In case you missed it, a little boy and a roving photographer just raised one million dollars in less than a month. The photographer is Brandon Stanton, of Humans of New York, and the boy is Vidal, a middle school student at Mott Hall Bridges Academy in New York. Stanton has been taking pictures around New York City for over two years, portraits of the city’s inhabitants with captions that offer glimpses into their life. Stanton posted a picture in mid-January of Vidal, with a caption in which the boy described the impact his school’s principal had had on him. Stanton pursued this, visiting the school’s principal, Mrs. Lopez. He then learned that the school had many financial needs, and informed his followers. Stanton did not start a huge campaign or beg his followers for help. He just pursued a need, brought it to the attention of his established community, and then set up a way for them to help. Through these unobtrusive steps, over one million was raised by people all across the world. This is one of the clearest examples of the power of a social media community that has been seen in a while.

This is interesting news, certainly, but it seems fairly distant from the mHealth realm. An interesting charity strategy, perhaps, but the premise of the Humans of New York website is very different from that of most mobile healthcare companies. Much can be learned, however, from the community aspect of this story. Community impact is a large factor in every field, and in the mHealth field it is often overlooked. One of the reasons that Stanton’s campaign was so successful was because his community was already established. Stanton was not trying to find people and then give them information. He has over twelve million likes on Facebook and a steady following on Twitter and Tumblr as well. People expect his daily posts on their feed – when the post includes information on a way to help they are ready to jump in. This is a major asset, simply due to the nature of his work.

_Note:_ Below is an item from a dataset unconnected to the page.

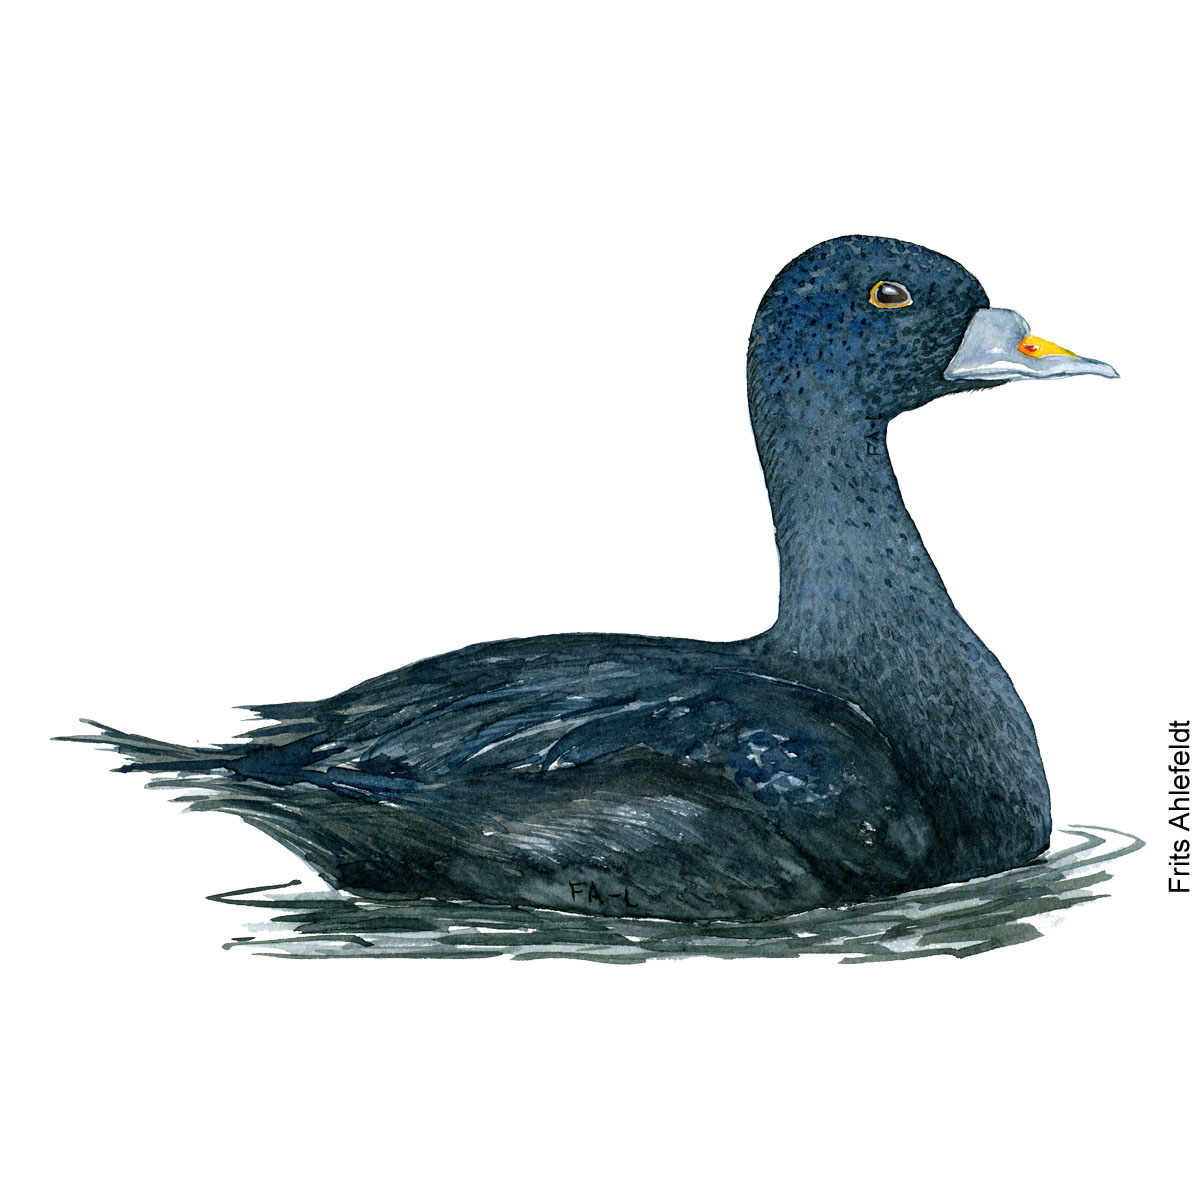 Sortand - Common scoter duck bird watercolor painting. Artwork by Frits Ahlefeldt. Fugle akvarel

It would be fascinating to take this model and apply it to the healthcare world. A website that offered pictures of researchers all over the world and glimpses of their research and of their personalities. The same idea as Humans of New York, but specialized. Or an app integrated within community health centers that knit the community together, highlighting patients and doctors alike. The beauty of Stanton’s blog is that it is a fairly unbiased, varied glimpse into New York City life. Each post is different and offers a new perspective. This would be a interesting new aspect of mHealth; a way to weave the varied sides of healthcare together. From ultra-specialized researcher to low-income patient, a Humans of New York style community would be a good way to open the field, and to facilitate understanding of the many facets of healthcare.

Whether in an app, a community heath center, a website, or any other multitude of things, mHealth innovation begins when we take inspiration from non-healthcare models and weave it into the established framework.